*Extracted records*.
↓↓↓
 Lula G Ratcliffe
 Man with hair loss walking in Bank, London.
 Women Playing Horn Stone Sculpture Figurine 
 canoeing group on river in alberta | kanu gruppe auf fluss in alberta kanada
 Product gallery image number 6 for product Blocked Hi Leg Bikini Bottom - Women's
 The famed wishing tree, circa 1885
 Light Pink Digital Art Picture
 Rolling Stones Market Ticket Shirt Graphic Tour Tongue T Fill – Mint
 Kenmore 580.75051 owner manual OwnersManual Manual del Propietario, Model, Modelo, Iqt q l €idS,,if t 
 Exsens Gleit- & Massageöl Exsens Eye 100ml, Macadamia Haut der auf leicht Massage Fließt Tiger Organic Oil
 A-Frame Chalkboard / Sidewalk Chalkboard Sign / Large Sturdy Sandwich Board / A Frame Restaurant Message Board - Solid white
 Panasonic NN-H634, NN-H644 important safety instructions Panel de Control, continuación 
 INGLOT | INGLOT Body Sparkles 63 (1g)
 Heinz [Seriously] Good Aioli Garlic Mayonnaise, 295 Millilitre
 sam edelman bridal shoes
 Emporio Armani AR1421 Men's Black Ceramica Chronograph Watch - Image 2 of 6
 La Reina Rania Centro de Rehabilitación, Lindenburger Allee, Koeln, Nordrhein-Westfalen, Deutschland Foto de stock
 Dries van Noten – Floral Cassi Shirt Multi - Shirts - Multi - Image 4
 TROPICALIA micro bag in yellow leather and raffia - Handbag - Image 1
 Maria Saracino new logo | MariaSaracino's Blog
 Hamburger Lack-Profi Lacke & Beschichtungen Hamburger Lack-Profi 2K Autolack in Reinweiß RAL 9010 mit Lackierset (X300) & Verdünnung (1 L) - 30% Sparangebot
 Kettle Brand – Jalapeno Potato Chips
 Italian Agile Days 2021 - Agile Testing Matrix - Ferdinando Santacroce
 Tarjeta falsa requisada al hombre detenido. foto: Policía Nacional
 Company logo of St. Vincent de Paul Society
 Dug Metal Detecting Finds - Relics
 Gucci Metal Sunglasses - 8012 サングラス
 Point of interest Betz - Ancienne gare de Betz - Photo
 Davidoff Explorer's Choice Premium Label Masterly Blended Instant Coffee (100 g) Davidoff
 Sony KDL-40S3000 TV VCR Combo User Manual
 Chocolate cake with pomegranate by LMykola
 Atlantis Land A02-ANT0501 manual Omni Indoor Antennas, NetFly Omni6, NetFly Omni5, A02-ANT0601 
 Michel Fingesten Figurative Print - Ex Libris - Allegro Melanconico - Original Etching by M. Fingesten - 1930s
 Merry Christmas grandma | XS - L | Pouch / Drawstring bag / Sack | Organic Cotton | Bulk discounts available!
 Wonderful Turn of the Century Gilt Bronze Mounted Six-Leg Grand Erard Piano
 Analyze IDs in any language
↑↑↑
*Work to be completed*. When a line contains the string "logo", copy it from the records.

*Result of the task*.
 Maria Saracino new logo | MariaSaracino's Blog
 Company logo of St. Vincent de Paul Society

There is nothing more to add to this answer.